Wild Times Archive

Joelle

Zookeeper Joelle has a passion for animals – but that passion extends beyond her day job of caring for the more than 350 animals here at the Edmonton Valley Zoo. Joelle articulates skeletons!

Articulation, which means giving dead animals a second life, is the process of cleaning bones and forming them into a skeleton. It’s possible that Burmese python Thelma is Joelle’s largest project to date.

Thelma lived here at the Edmonton Valley Zoo. She died in 2015 of natural causes at the age of 23. At the time of her death, she weighed 46 kg (101 lbs) and was more than six metres (20 feet long). It took five zookeepers to hold her!

The process of cleaning and articulating Thelma’s skeleton took a lot of time – but it’s something Joelle sees as a difficult and satisfying puzzle. After skinning the python and breaking it down into eight manageable sections (each with around 120 ribs!), she cleaned the skeleton in a process called maceration, where the bones are left to rot in a water bath outside. It took approximately six months to clean, over two summers (it can’t rot in the winter!). Once the flesh is gone from the bones, they were disinfected and whitened with hydrogen peroxide. It took 50 hours to assemble with glue and wires – rib by rib, vertebra by vertebra. A python skull alone contains over 20 pieces!

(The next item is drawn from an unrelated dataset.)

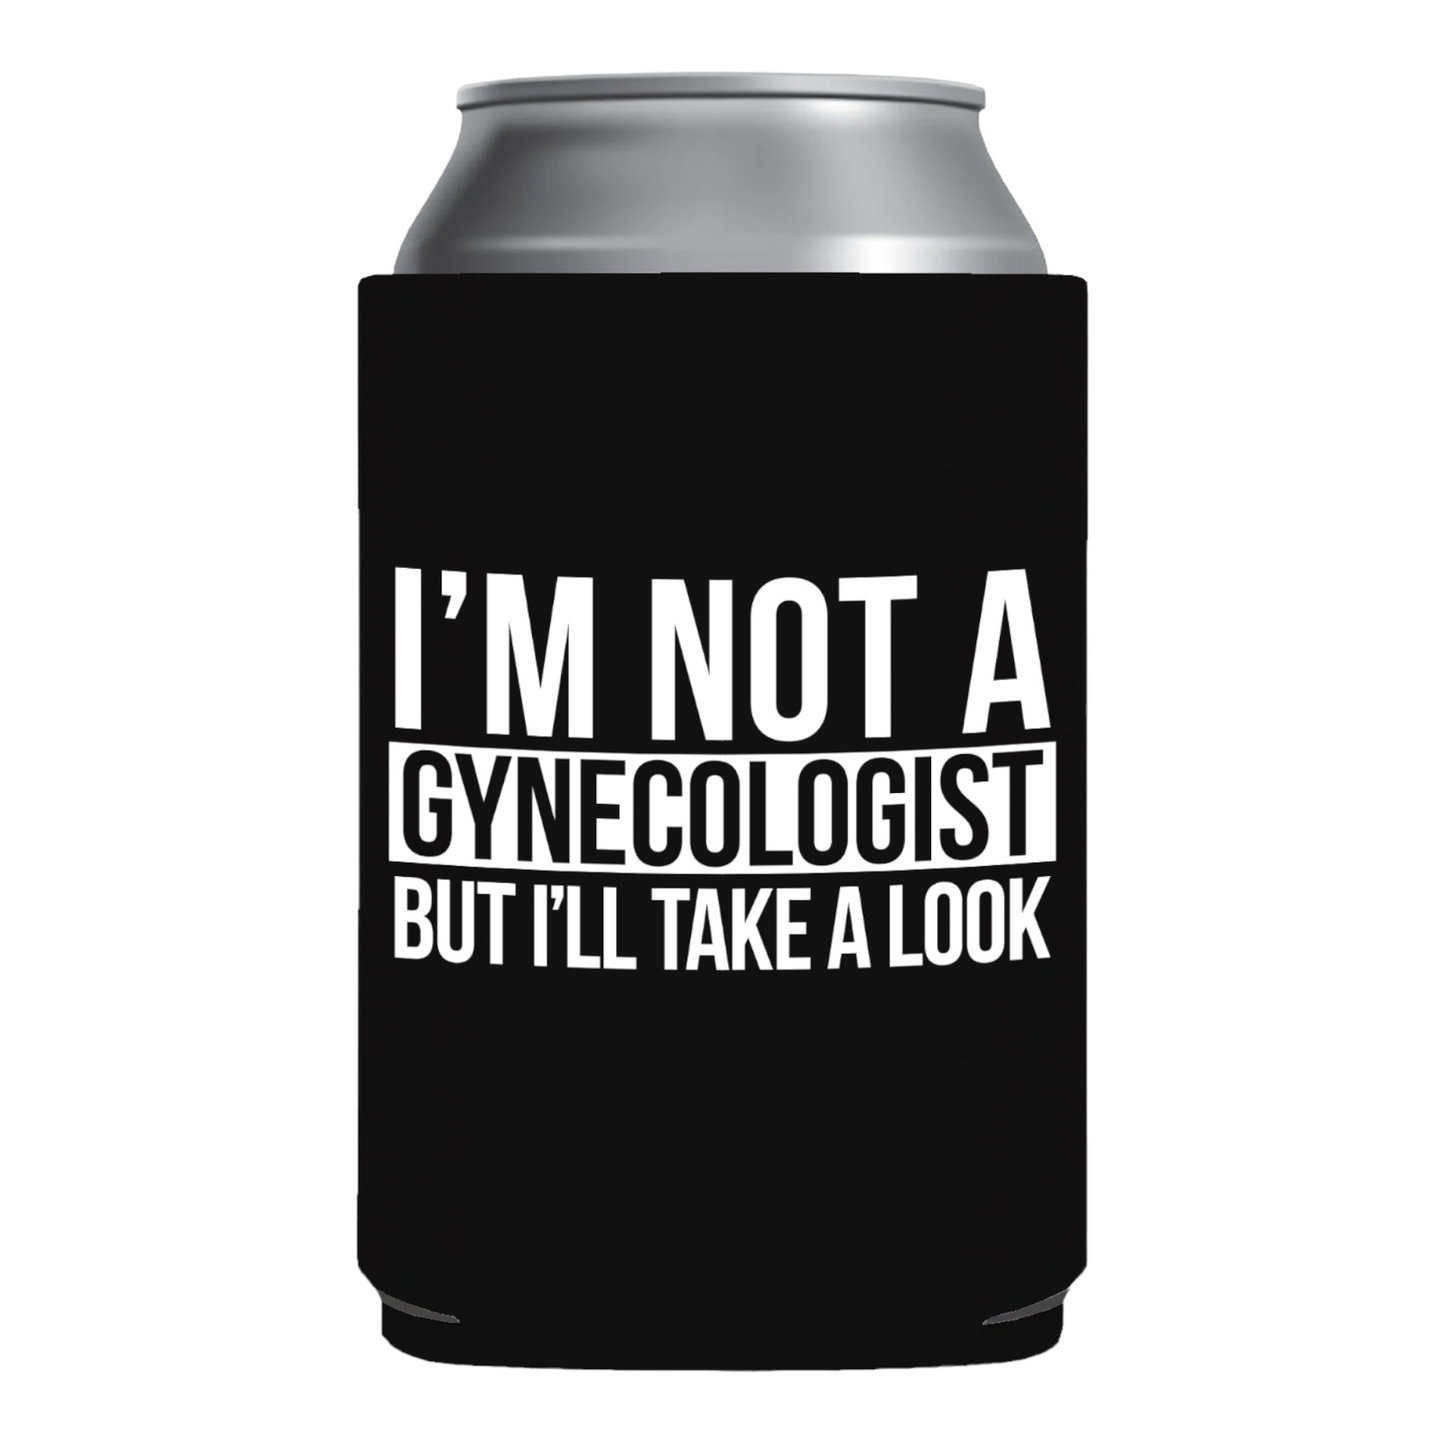 I'm Not A Gynecologist But I'll Take A Look Funny Beer Can Cooler Holder Sleeve

Thelma’s skeleton is primarily for education at the zoo. Our education team uses it to allow guests to Get Closer to a Burmese python in the 100 Voices preschool program, school programs, birthdays, and drop-in programs.

Fun fact: Joelle also has prepared a capybara and a serval skull for the education team, and is currently working on articulating a Red Necked Wallaby skeleton – these can be found on display in the Zoo School classroom (Avery Linton Nature Studio).